Recently, historian Yuval Noah Harari, one of the most influential intellectual personalities of recent years, drew attention to the countless dangers that can arise from the development of technologies applied to fight the pandemic if they continue to be used by governments in post-Covid-19 and left several examples:
In Israel, Prime Minister Benjamin Netanyahu authorized the Security Agency to use technology previously restricted to combating terrorists to track patients with coronavirus. This was done through an “emergency decree” that rejected opposition objections in Parliament. In other words, mass surveillance technology, which once scared many governments, can be used regularly, giving politicians a lot of information about what causes sadness, boredom, joy, and euphoria. This represents unprecedented and risky power over populations.
In India, local authorities have tested solutions such as mobile tracking applications, geolocalized selfies, and identifying the addresses of patients infected with Covid-19.
In China, hundreds of millions installed mandatory “health code” applications that determined whether users with green, yellow, or red color-coded designations (for confirmed Covid-19 patients) could travel or even leave home.
In Moscow, a city of 12 million people, it was planned to require citizens to have QR codes to be able to walk on the streets, and more than 100,000 surveillance cameras and facial recognition technology were used to impose self-isolation schemes.
In Europe, some governments are collecting data from telecommunications companies and copying contact tracking applications.

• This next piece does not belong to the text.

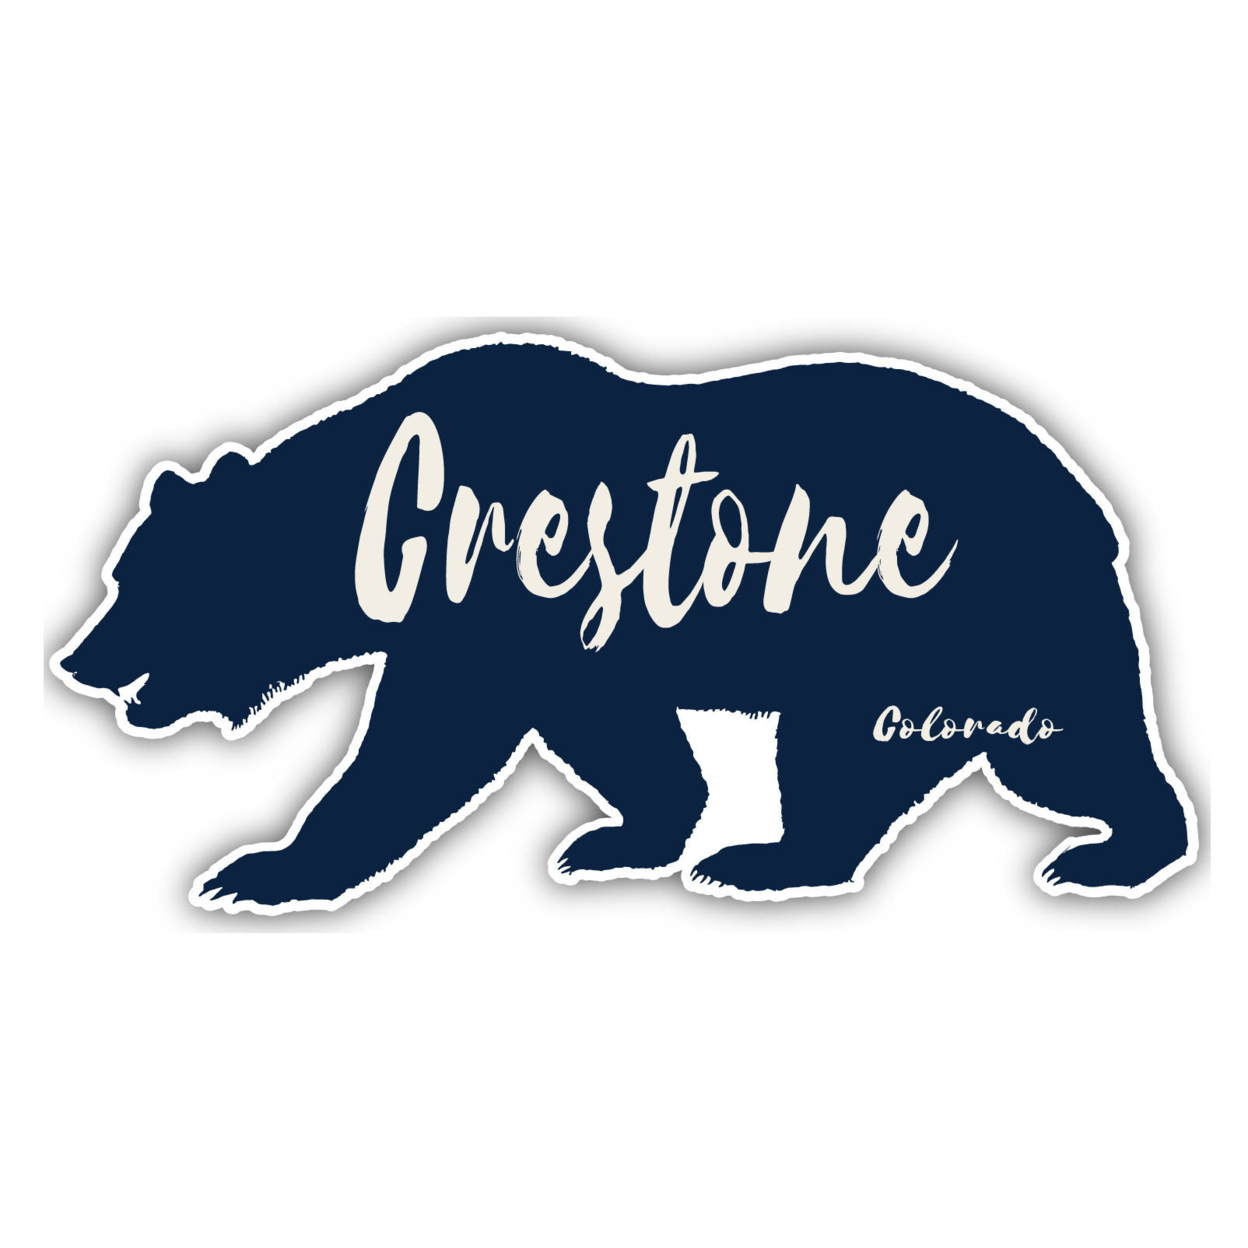 Crestone Colorado Souvenir Decorative Stickers (Choose Theme And Size) - 4-Pack, 8-Inch, Bear

In the US, Apple and Google announced the opening of their mobile operating systems to allow similar applications to run on iPhones and Android phones.
As Ron Deibert, head of the Citizen Lab at the University of Toronto, warned in a recent interview, most of these measures do not have sunset clauses. They could establish what many people begin to describe as “the new normal”. One thing is right. Just as 9/11 defined rules that remain in effect today, in this case, too, it may be difficult to slow the growth of surveillance after the pandemic. The eventual reversal of this surveillance will depend almost exclusively on public supervision.